Before uploading a scanned image of the document to the Virtual Transcription Laboratory, you should ensure that the image was led into the optimized effigy for optical character recognition (OCR) programs. The aim of the OCR is a change of the scan, which is treated by web searchers solely as an image, into a document in which certain phrases can be searched.
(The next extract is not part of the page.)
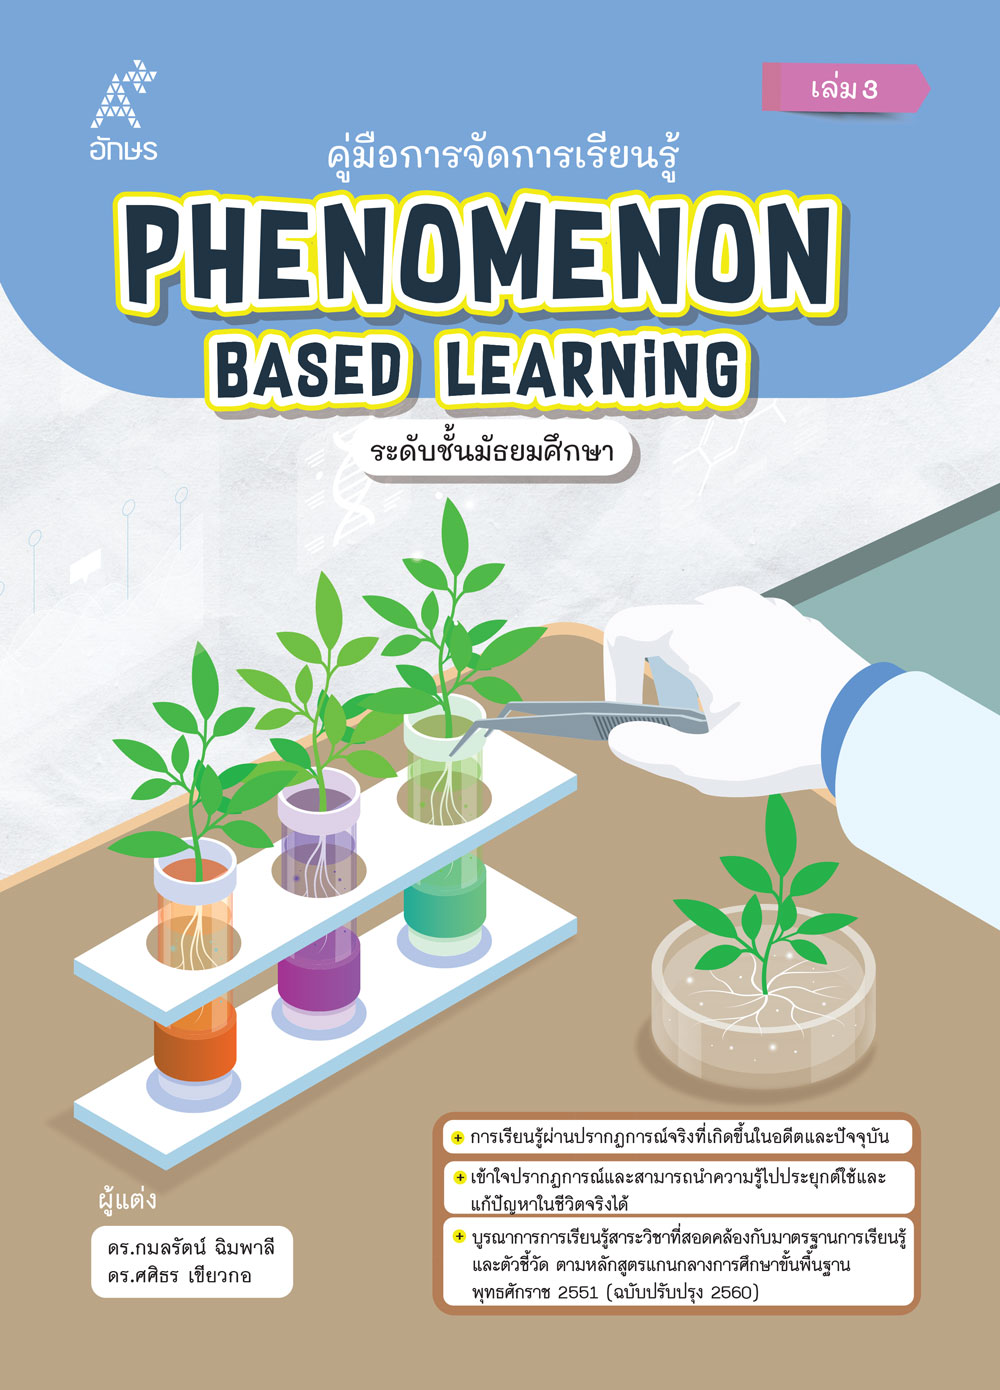 คู่มือการจัดการเรียนรู้ Phenomenon Based Learning ระดับชั้นมัธยมศึกษา เล่ม 3 (Coming soon)

Therefore it is worth to make OCR easier by deleting all despoilments, elements which may be considered by program as a text and actually are not a text. Scan Tailor is used for mentioned post-processing.
Steps of post-processing in Scan Tailor:
- After reading the scan into the program, the first step is (visible in the left upper corner) „Fix Orientation”, the possibility of the image rotation if the one read was set inappropriately. It is not always necessary. To do the transformation you should click the button , which can be found in the same line as the name of step “Fix Orientation”(Image 1).
Image 1. Fixing the orientation of the image.
- The next step is „Split Pages”, in which the program automatically suggests the division of a scan into pages, what surely can be changed as preferred by using icons on the left and the calibration on the image. The operation has two modes of functioning:
- Automatic – program tries to suit the division itself and a user can adapt it manually to exact scans;
- Manual – users choose where the division line appears by, they may also predetermine that scans contain an image of just one page (menu „Page Layout”) and the division is unnecessary.
Image 2. Marking the division of pages.
- The further step is „Deskew” – suiting the text on an image to a net, so as the text, independently from curvature of scanned paper, will lay straightly in front of the computer’s screen. It is suited automatically by the program, there is also a possibility of manual modification.
Image 3. Deskewing the text form the image.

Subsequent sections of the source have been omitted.